There is also research being undertaken on alternatives to lithium-ion batteries. This includes work being done on sodium-ion batteries which would rely on cheap and available sodium (salt) rather than rare metals; ¹⁰⁴ hydrogen fuel cells – with work being developed by Toyota; ¹⁰⁵ graphene supercapacitators – being researched in conjunction with lithium-ion batteries by Samsung; ¹⁰⁶ lithium-sulphur – being researched by Sony; ¹⁰⁷ and redox flow batteries which combine hydrochloric acid and sulphuric acid to produce batteries with particularly capacity for storing wind and solar energy (powerpacks). ¹⁰⁸ There is also ongoing research on batteries which are more environmentally friendly. Developments in Sodium (Na)-ion batteries is being carried out at the University of Warwick, ¹⁰⁹ while research at the University of Bristol collaborating with Imperial College, London is developing batteries using sodium and potassium ions. ¹¹⁰

Cars could also be powered by their own solar panels, ¹¹¹ or, instead of cars being powered, the roads could be (not dissimilar to the principle behind trams) - prototypes have been trialled in Sweden (for trucks) and the Netherlands. ¹¹²

These alternatives are not always carbon-neutral. For example, the upside of hydrogen fuel is that burning hydrogen produces only water as a by-product and is more efficient and cleaner than lithium. The downside is that the production of hydrogen requires fossil fuels – although alternatives are being explored using algae and other resources that might be turned into hydrogen. Nor do they provide immediate alternatives, for example graphene supercapacitators could replace batteries altogether but research to date has not produced sufficiently useable and stable graphene. In the interim research is ongoing looking at enhancing the performance of lithium-ion batteries in conjunction with graphene.

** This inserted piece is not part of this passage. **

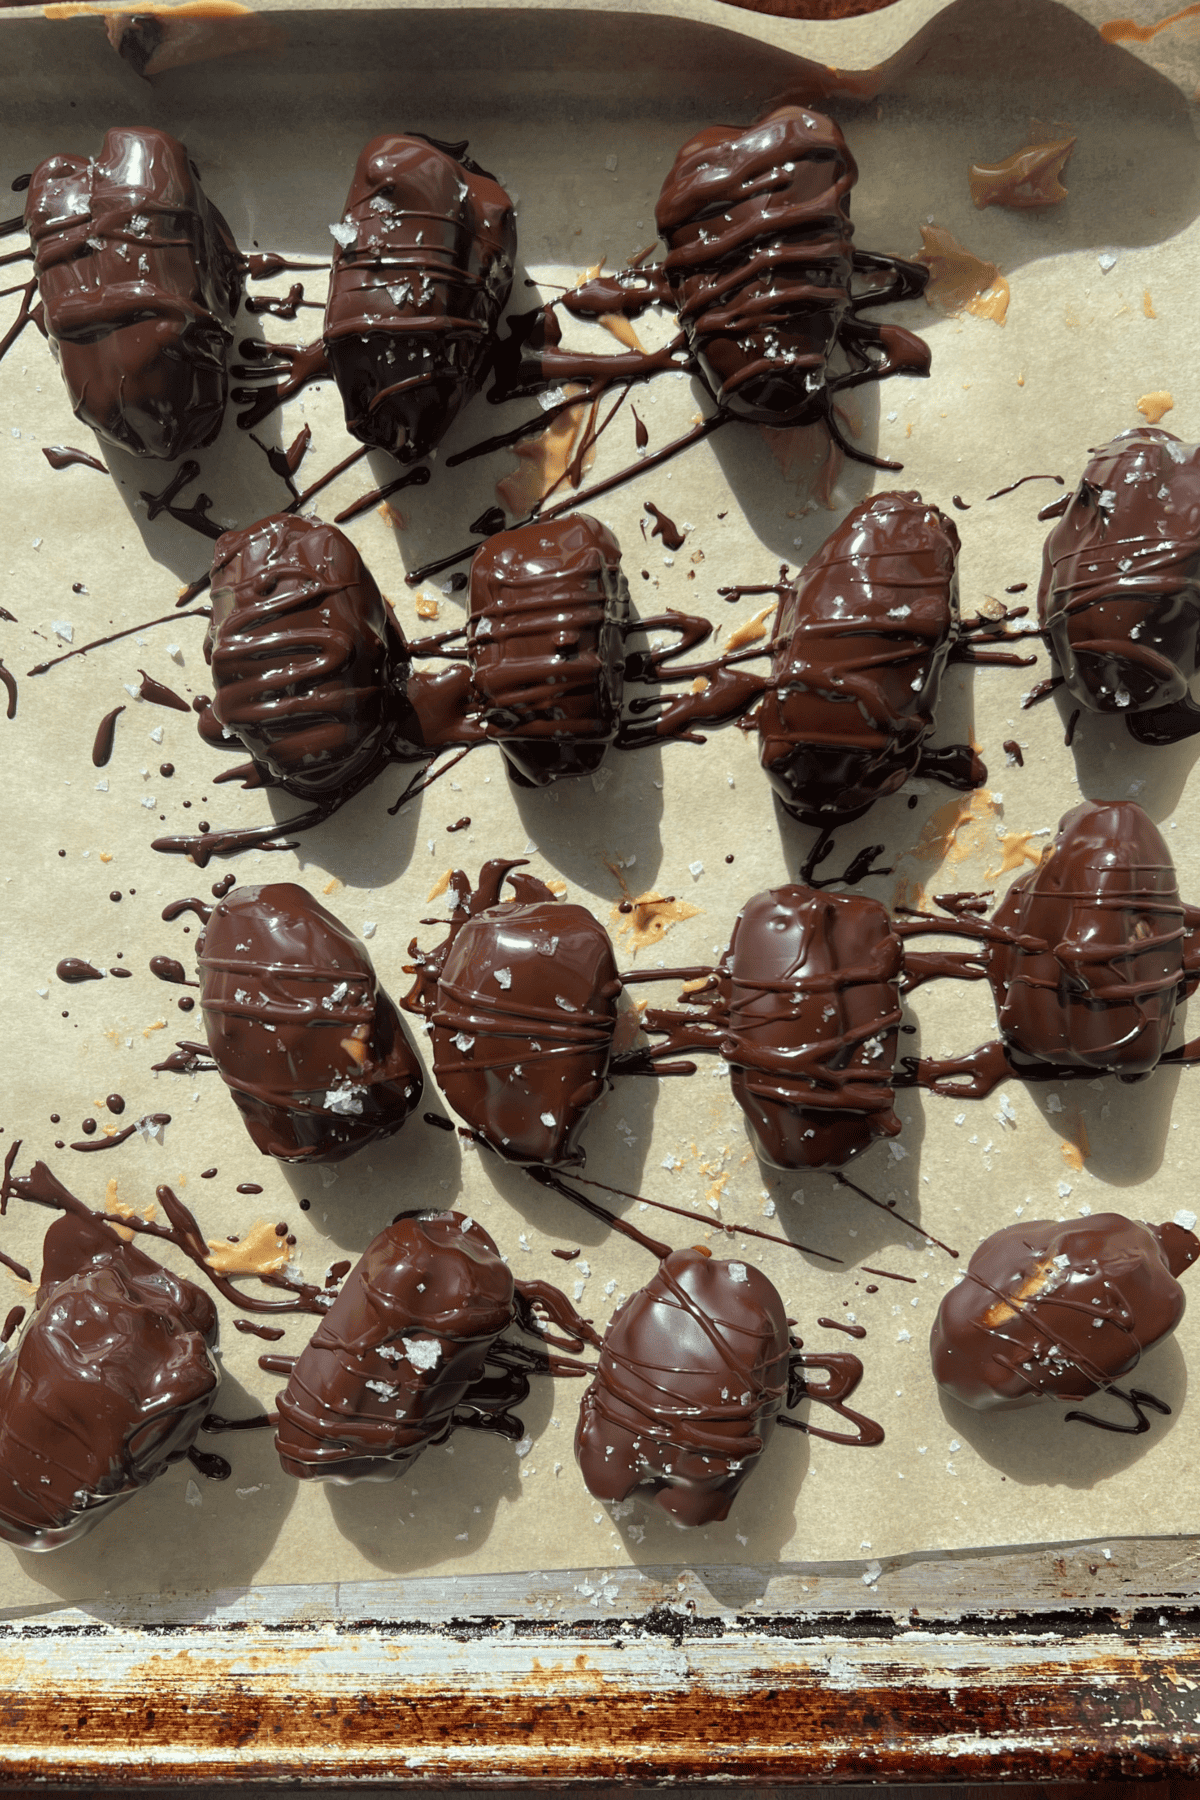 snickers stuffed chocolate covered dates on a sheet pan lined with parchment paper

While encouraging, many of these innovations are a long way from being commercially viable or capable of being produced at scale. Nor is the government ploughing the same amount of money into these types of research as it is into facilitating the move to electric vehicles which are already being manufactured.

Conclusion

From an environmental perspective a shift to electronic vehicles may be short-sighted. While the sale of electric cars is accelerating the underlying issues of too many cars on the roads and traffic congestion are not being addressed. Similarly, promising greater provision of charging points, does nothing to address energy consumption. That energy has to come from somewhere and even if it is from renewable sources such as wind and solar, it needs to be stored and conducted to points of use. Currently this also needs rare metals. At the same time the ‘green revolution’ is unlikely to mark a levelling up either of access to electric vehicles across societies – including in the UK, but more particularly between the developed and developing world. In the latter not only are there challenges of infrastructure deficit and limited in country technology and research resources but also limited consumer purchasing power to obtain electric vehicles. Critics, moreover, consider that the shift to electric vehicles will not reduce carbon emission sufficiently to keep global warming to the 1.5 degrees above industrial levels agreed in the Paris agreement because the change will be too slow, piecemeal and not entirely carbon-neutral. ¹¹³ These are all important considerations. The focus of this article however has been on the environmental risk associated with procuring the metals necessary for the manufacture of electric cars and related to this the storage of power systems to charge them. Deep sea mining to meet the manufacturing demands triggered by government agendas to move to electric vehicles will cause environmental damage far from the corridors of Westminster. If, however, the need to address climate change is a global concern then repercussions across the planet should be taken into account in developing solutions.